La desgracia del PRI en elecciones locales recientes la explican, más que ningún otro factor, desastrosas administraciones públicas locales.

Con dos dirigentes nacionales distintos —uno, político de altos vuelos, Manlio Fabio Beltrones; el otro, bastante menor, César Camacho—, el PRI corrió la misma suerte: perdió los estados más importantes en 2015 y 2016.

No perdieron Beltrones y Camacho ni tampoco los candidatos que nominaron: perdieron los gobernadores.

En Veracruz, el priista Héctor Yunes Landa realizó muy buena campaña, pero nomás no pudo con la terrible imagen de Javier Duarte, gobernador que llegó al poder postulado por el PRI.

Con un gobernador menos desprestigiado, Yunes Landa probablemente habría derrotado a su primo hermano del PAN, Miguel Ángel Yunes Linares.

En las contiendas políticas, cuando los electores se convencen de que la victoria o la derrota de un candidato o partido es inevitable, el pronóstico simple y sencillamente se cumple.

Estamos en el terreno de la profecía que se autocumple, es decir, la predicción que en sí misma es la causa de que se convierta en realidad.

Como la gente decía que en Veracruz era inevitable la derrota del PRI, el PRI no ganó, por más que intentó cambiar la situación un candidato competente y honesto, Héctor Yunes, que no solo nada tenía que ver con el corrupto Javier Duarte, sino que se cansó de cuestionar al hoy encarcelado político veracruzano.

En ese estado —pero no solo en ese estado— la profecía de la inevitabilidad de la derrota del PRI  tenía sentido por el pésimo desempeño de Duarte.

En Nuevo León, la misma cosa: el PRI iba a perder de todas, todas, —y Jaime El Bronco Rodríguez a ganar en forma aplastante— por la explicable fama de corrupto del exgobernador Rodrigo Medina.

En Quintana Roo era imposible que el PRI ganara porque se dividió y su mejor militante, Carlos Joaquín González, se fue al PAN, pero también —y sobre todo—, por las conocidas corruptelas del exgobernador Roberto Borge.
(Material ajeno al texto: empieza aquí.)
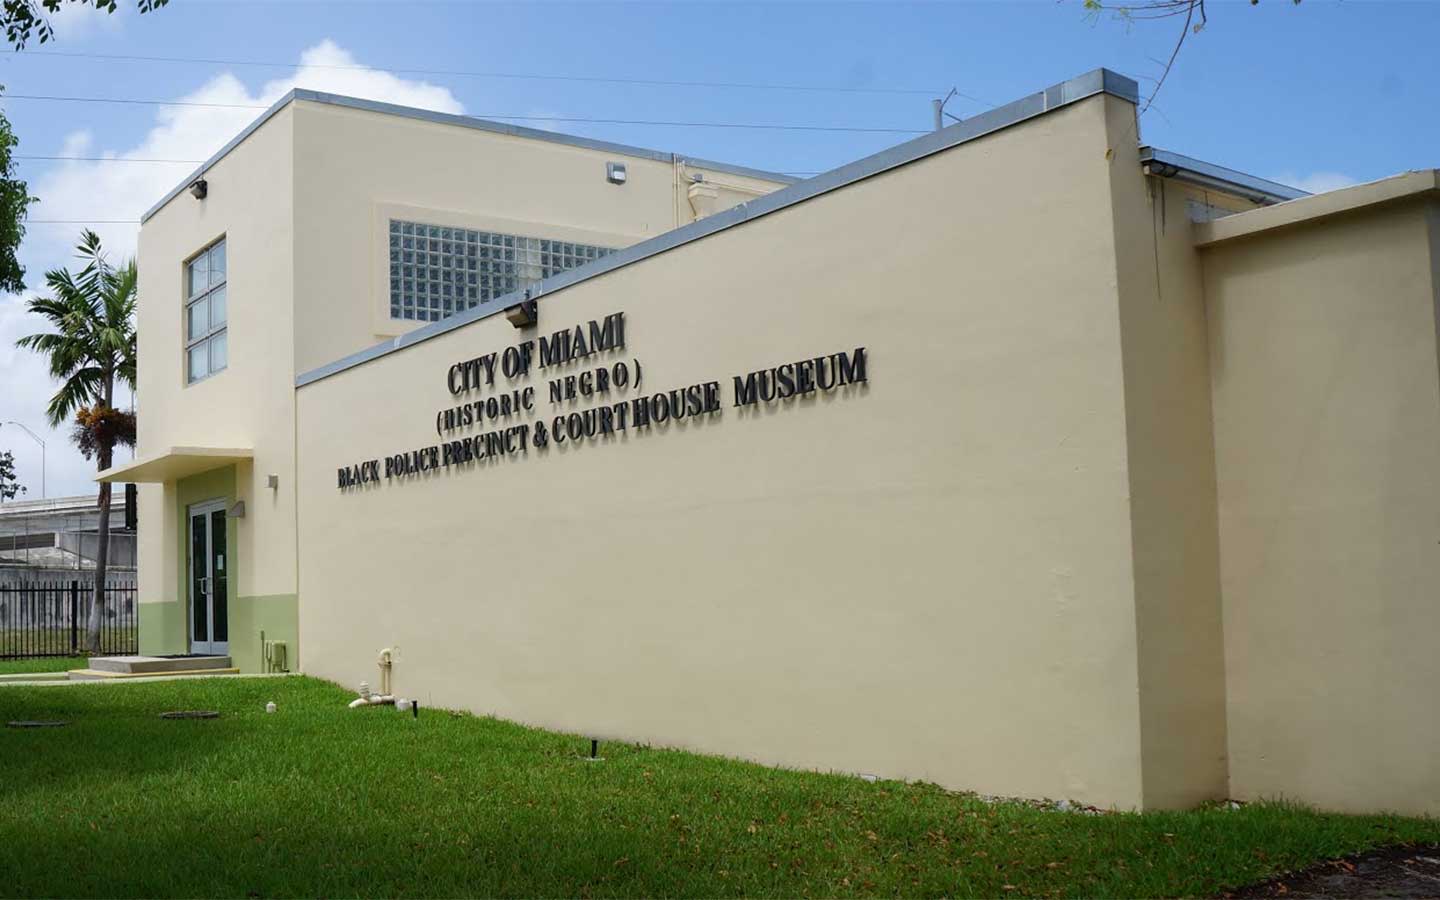 Miamis Black Police Precinct & Courthouse Museum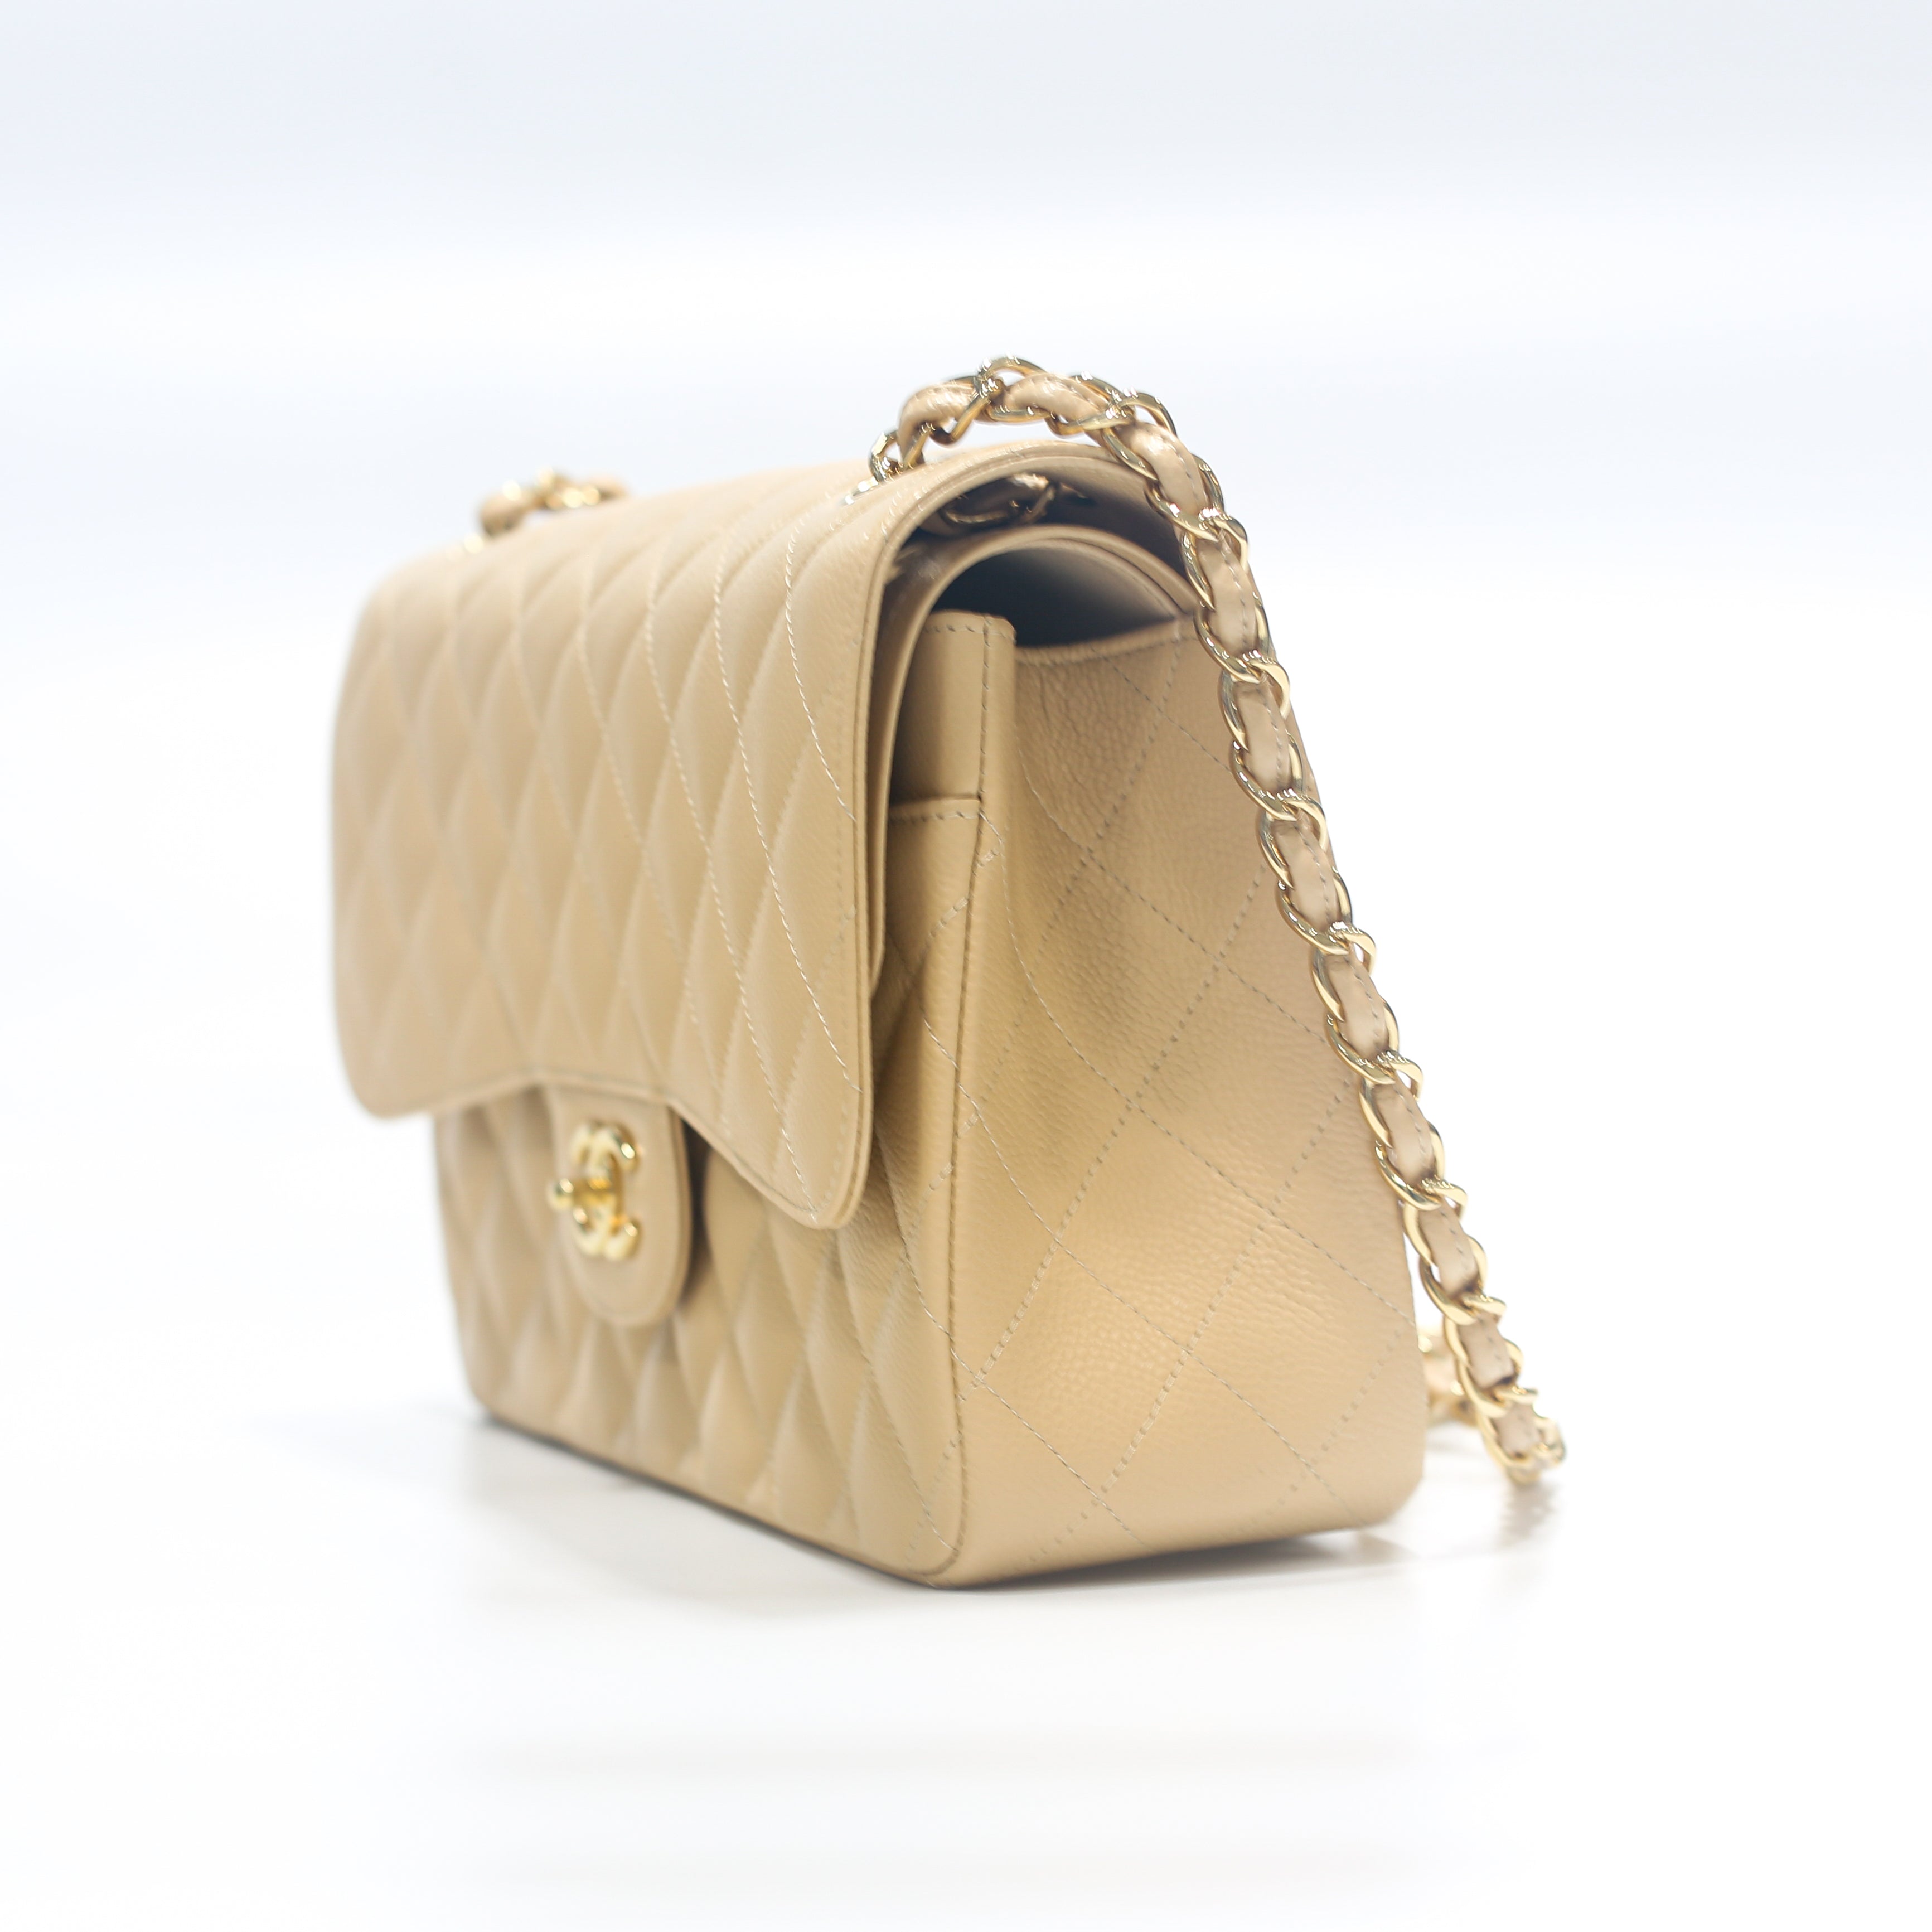 Sold at Auction: Chanel Beige Caviar Classic Double Flap Handbag

Este año es creíble la profecía de la inevitable derrota del PRI en las elecciones de Nayarit debido a que el actual gobernador, Roberto Sandoval, por elemental lógica tendrá que correr una suerte parecida a la del fiscal Édgar Veytia, recientemente aprehendido acusado de narcotráfico en San Diego, California.

No es el caso del PRI del Estado de México. Enfrenta su candidato la durísima competencia de una extraordinaria candidata, Delfina Gómez, de Morena, pero ni ella ni su líder político, Andrés Manuel López Obrador, se atreven a cantar victoria. Ni sus seguidores lo hacen.

De hecho, nadie en el Edomex se atreve a realizar un pronóstico, lo que significa que para muchos, seguramente para la mayoría de los mexiquenses, sigue siendo probable la victoria del priista Alfredo del Mazo.

Entre los activos del candidato del PRI, uno muy importante es el prestigio del gobernador actual, Eruviel Ávila, que no tiene fama de corrupto, que razonablemente ha cumplido —con aciertos y errores, como todos, pero ha hecho la tarea— y que puede presumir de ser uno de los muy pocos gobernantes priistas que ha llegado al final de su administración con más positivos que negativos en sus evaluaciones.

Es la razón de que en el Estado de México —a diferencia de lo que ocurrió en Veracruz, Quintana Roo y Nuevo León— nadie hable de la inevitabilidad de la derrota del PRI e, inclusive, sobran personas que, todo lo contrario, a pesar del avance de Morena, lo que ven inevitable es un nuevo triunfo del priismo.

No sé si los estrategas de Enrique Ochoa Reza, dirigente nacional del PRI, han decidido poner en el centro de la campaña no a Eruviel Ávila, sino a las evidentes diferencias de este político respecto de Duarte y otros exgobernadores.

Si Ochoa y sus colaboradores no lo han hecho, tendrán que hacerlo. Es decir, si quieren mantener vivas las posibilidades de triunfo en una contienda muy competida deben subrayar ese hecho: hay de gobernadores a gobernadores.